# General > Recommendations >  Thurso college Hair & Beauty Salon

## philupmaboug

Just wondering if anyone has ever used the hair & beauty salon at Thurso college as I was considering booking an appointment?

If so, what was the finished result like and are the students supervised whilst conducting treatments?

----------


## changilass

Been a few times, they are supervised and I have always been happy with the results.  I have lost the number so could you let me have it please as I could do with a new look.

----------


## Rangers1

All hair and beauty students are fully supervised and they use the best of products and equipment, better than some salons in caithness. Prices are VERY reasonable too. It may take slightly longer than an experienced pair of hands but you will get exactly what you ask for.
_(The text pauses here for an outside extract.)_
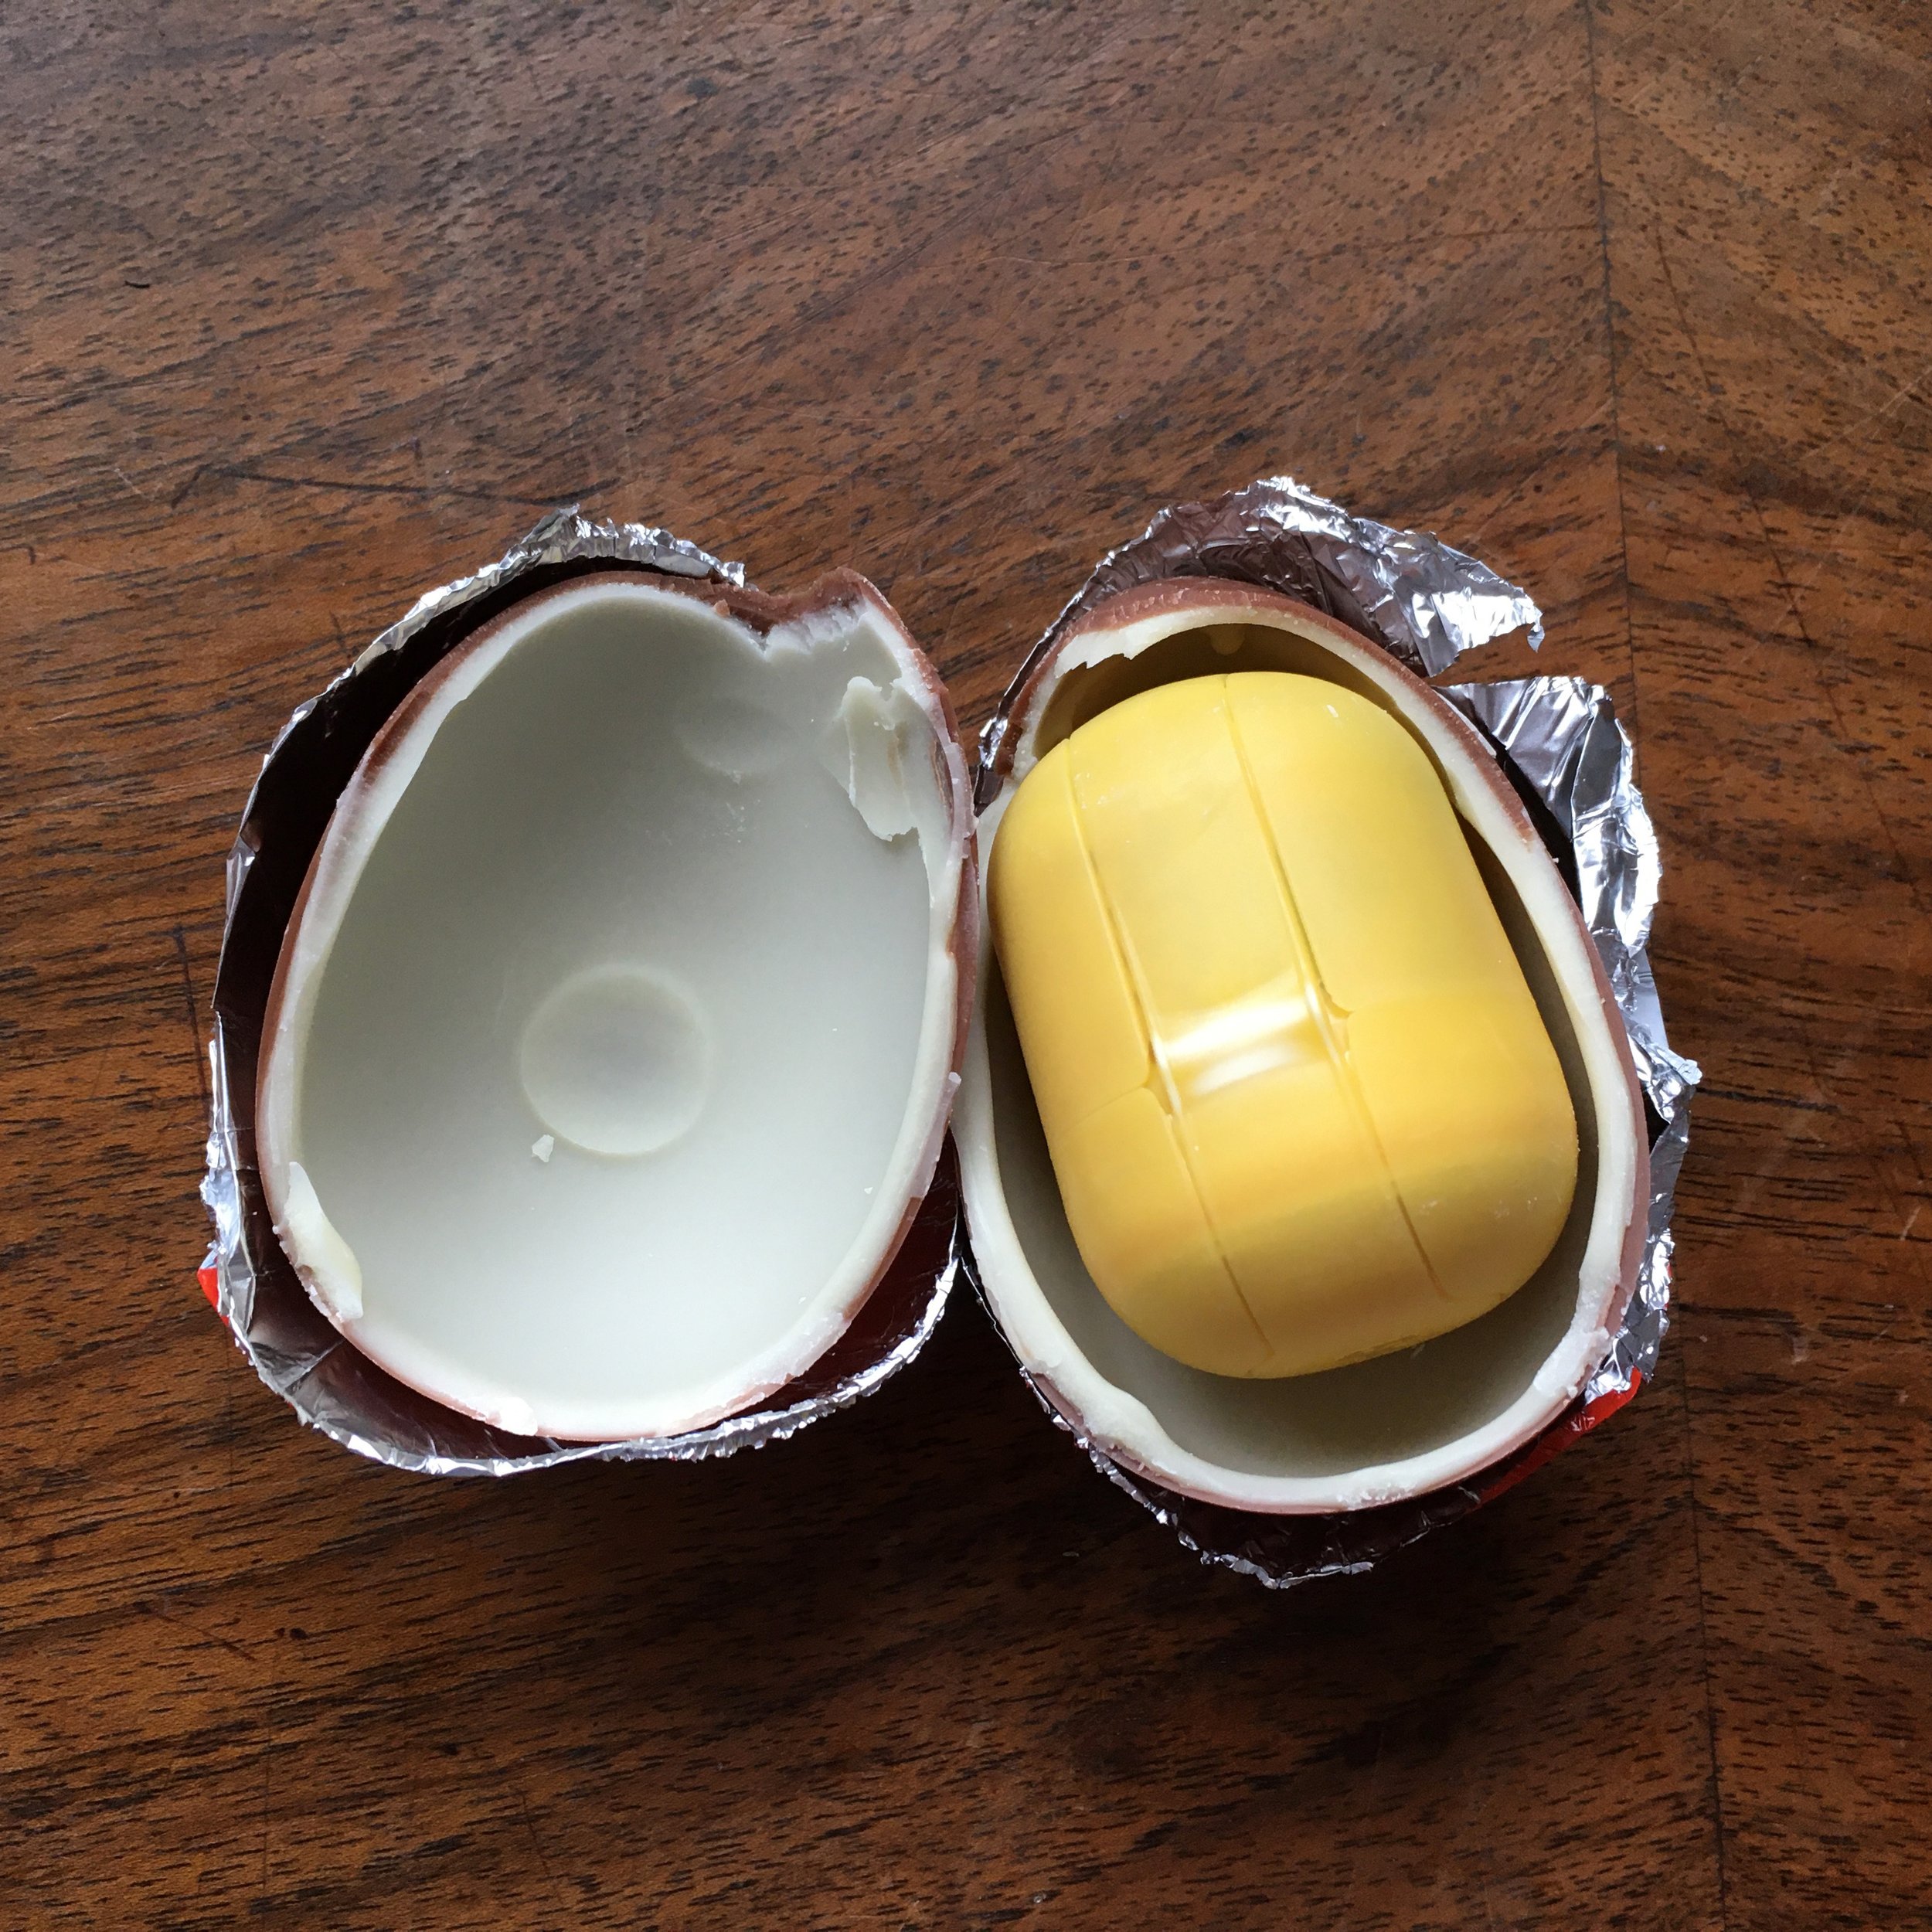  the chocolate egg opened up to reveal the yellow plastic capsule, AKA the yolk

To book an appointment call 01847 890000.

----------


## laguna2

That is the phone number for Caithness FM!  Number for College is 01847 889000

----------


## Rangers1

sorry, always get mixed up! but yeah i would recommend the salon to anyone who hasn't been before. they are closed over christmas and first salon starts back on the 14th of january 2013

----------


## Dadie

I have always thought about going ...but never have!
Where exactly is it?
OK before the smart comments I know it will be at the college!
And what hours is it open (as I have a short window of time to get things done) so I can plan kids stuff(so child free) around getting my eyebrows under submission for example.

----------